■ Recorded data

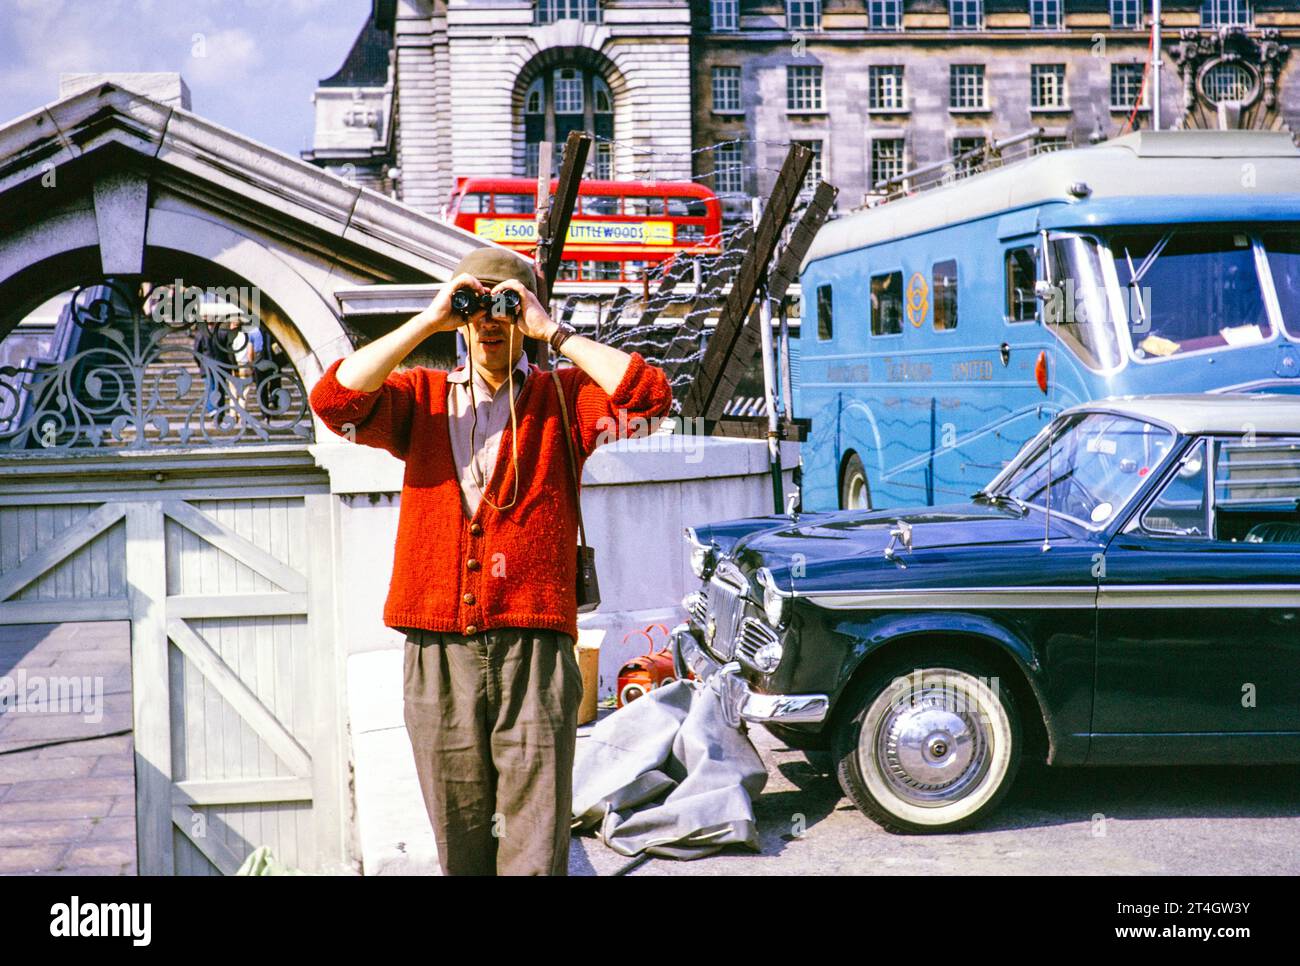 ATV outside broadcast, Telstar TV satellite launch, Westminster Bridge, London, England, UK, July 1962 - rigger Phil Comber with binoculars. Photograph by Alan 'Taffy' Harries Stock Photo
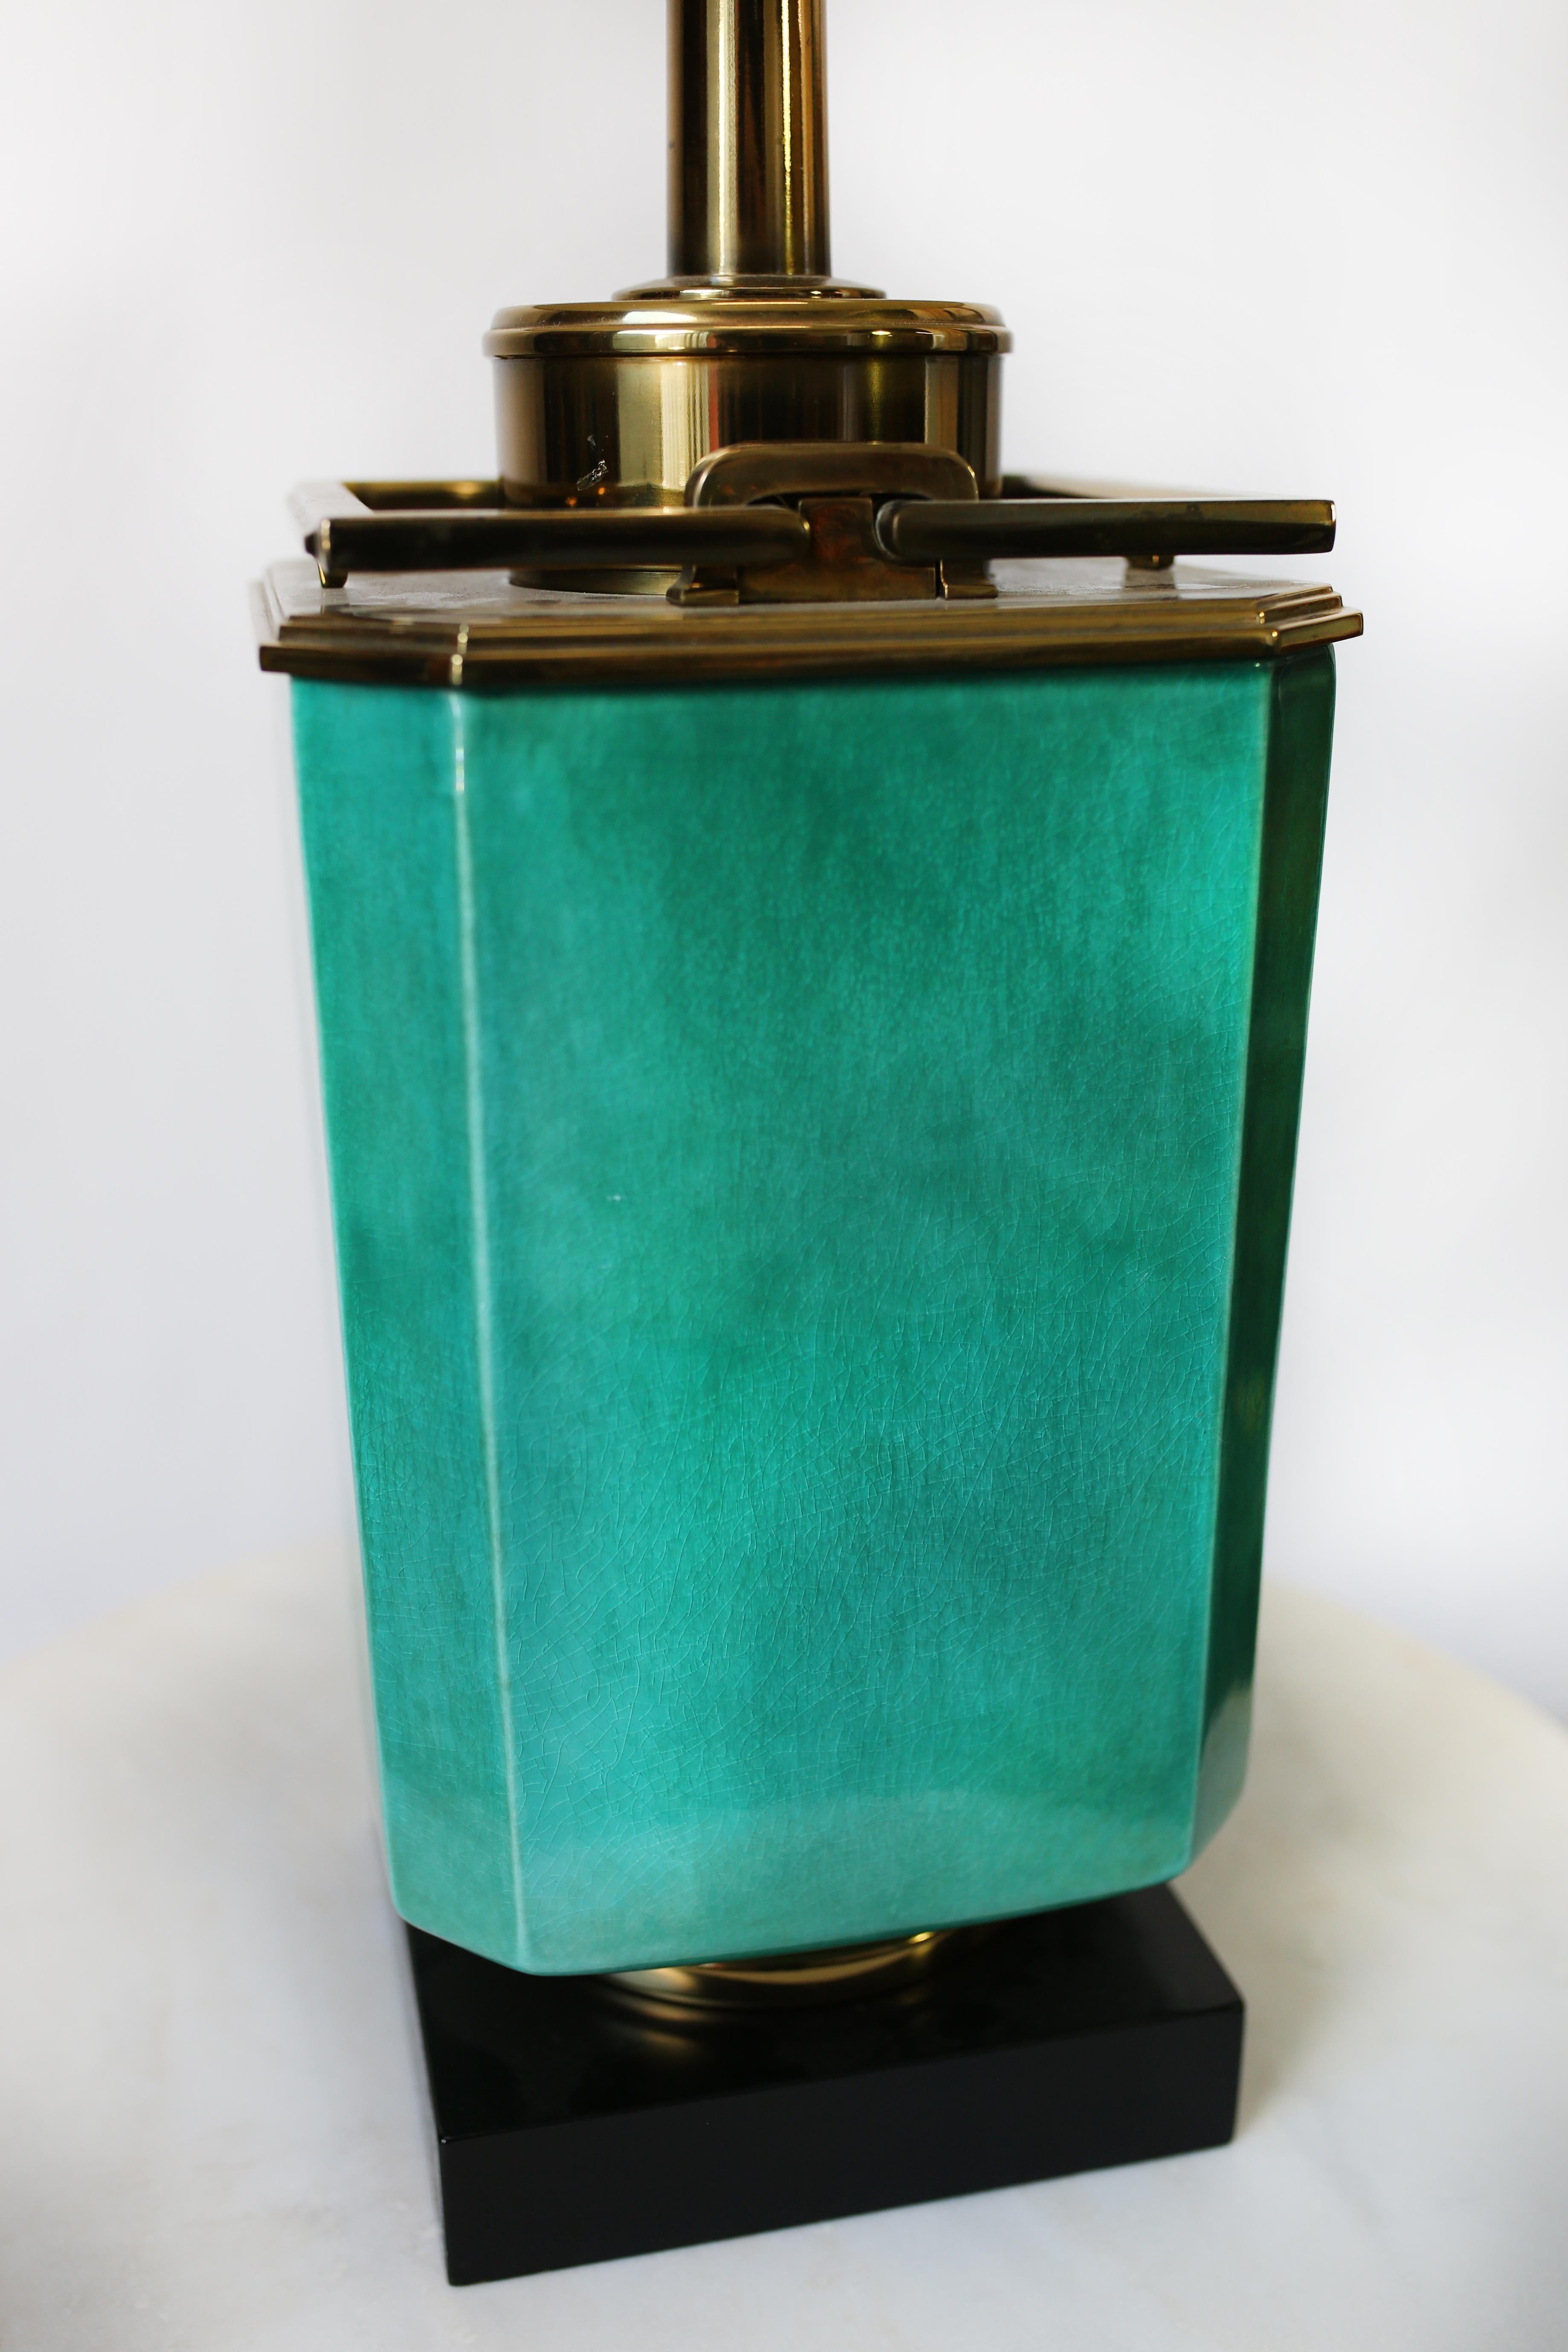 This turquoise and brass table lamp by Edwin Cole for Stiffel is in overall very good condition. Wear consistent with age and use. Beautiful aged brass hardware. Lamp shade included,
circa 1950s, USA.
Dimensions without the shade: D 9.5

■ What to work on
Begin with the line holding "This turquoise and" and end with the last line of the listing. Reproduce each of those lines exactly, and leave every picture out.

■ Task result
 This turquoise and brass table lamp by Edwin Cole for Stiffel is in overall very good condition. Wear consistent with age and use. Beautiful aged brass hardware. Lamp shade included,
circa 1950s, USA.
Dimensions without the shade: D 9.5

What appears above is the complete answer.